Dataset content:

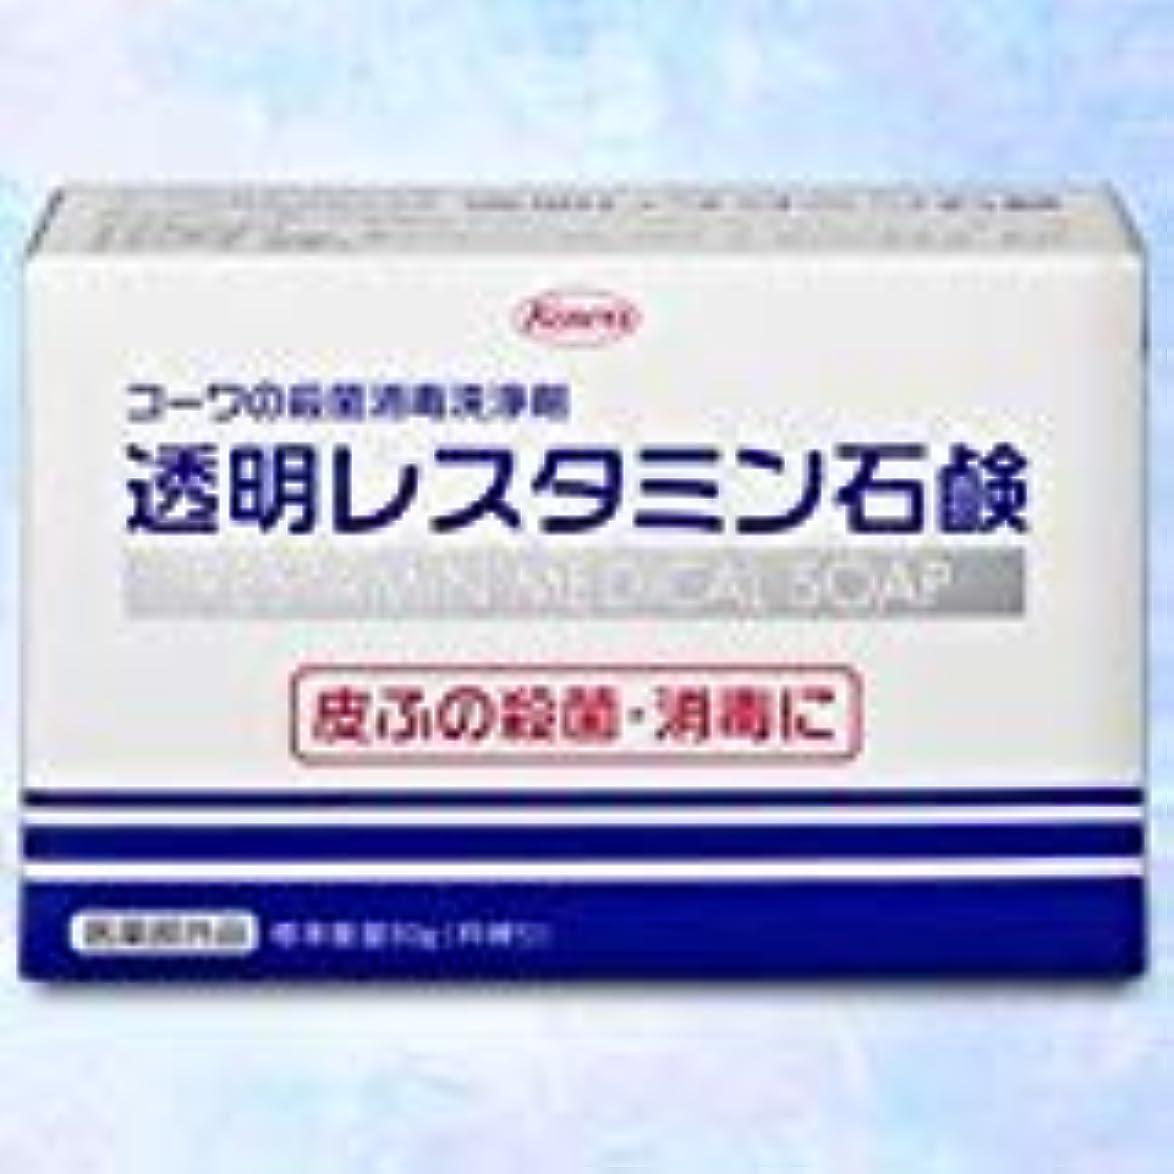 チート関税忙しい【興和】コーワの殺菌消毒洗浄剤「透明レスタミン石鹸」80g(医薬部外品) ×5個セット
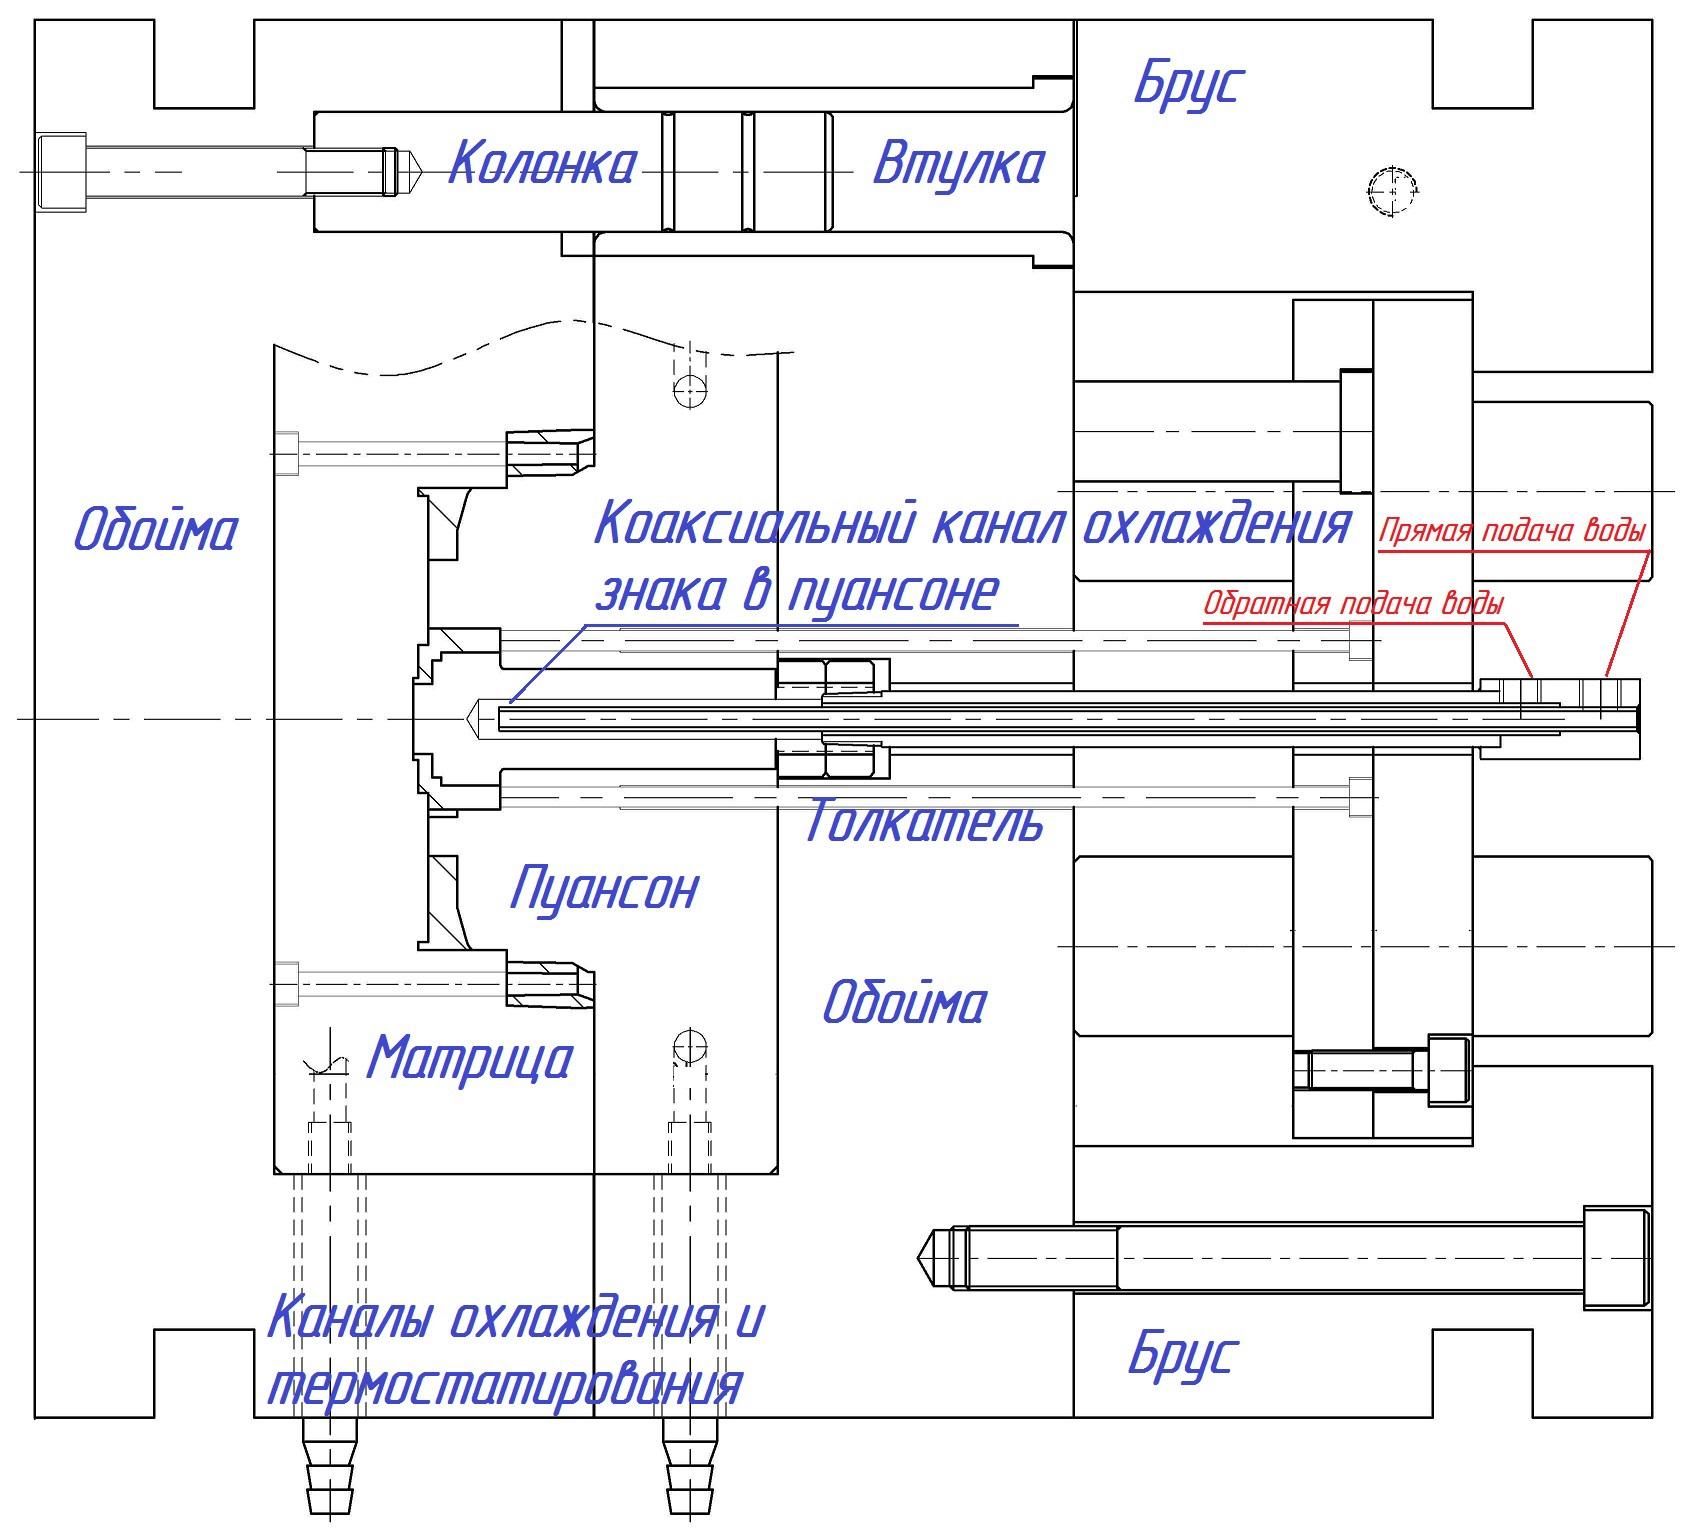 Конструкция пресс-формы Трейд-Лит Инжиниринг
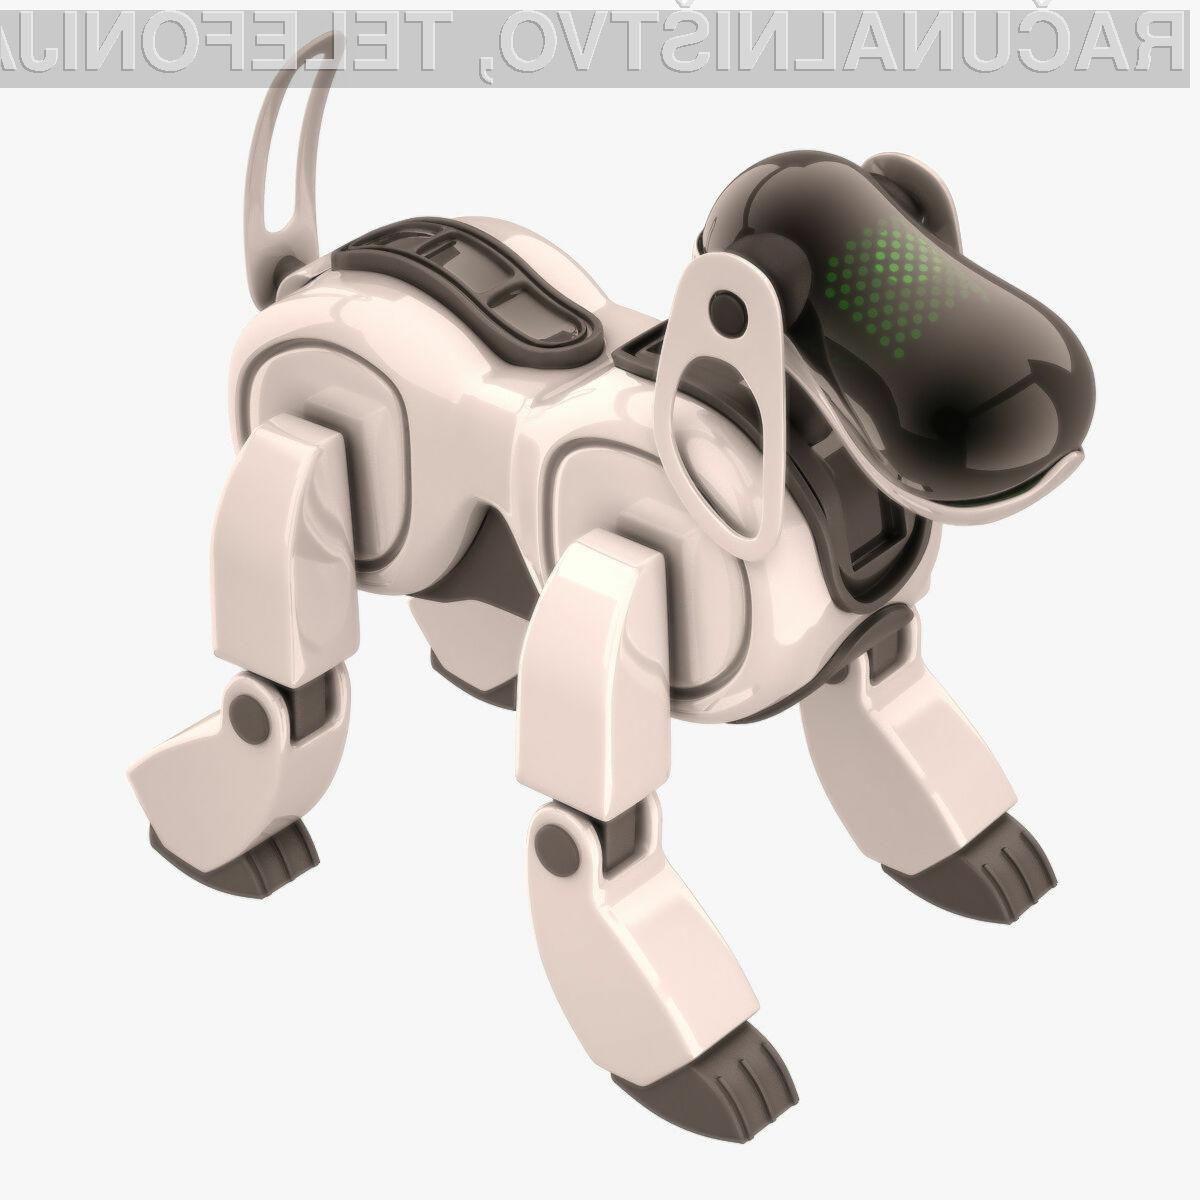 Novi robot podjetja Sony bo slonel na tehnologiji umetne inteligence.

Aim of the exercise: Could you give the listing again exactly as it stands, minus any pictures?

Problem solution:
 チート関税忙しい【興和】コーワの殺菌消毒洗浄剤「透明レスタミン石鹸」80g(医薬部外品) ×5個セット
 Конструкция пресс-формы Трейд-Лит Инжиниринг
 Novi robot podjetja Sony bo slonel na tehnologiji umetne inteligence.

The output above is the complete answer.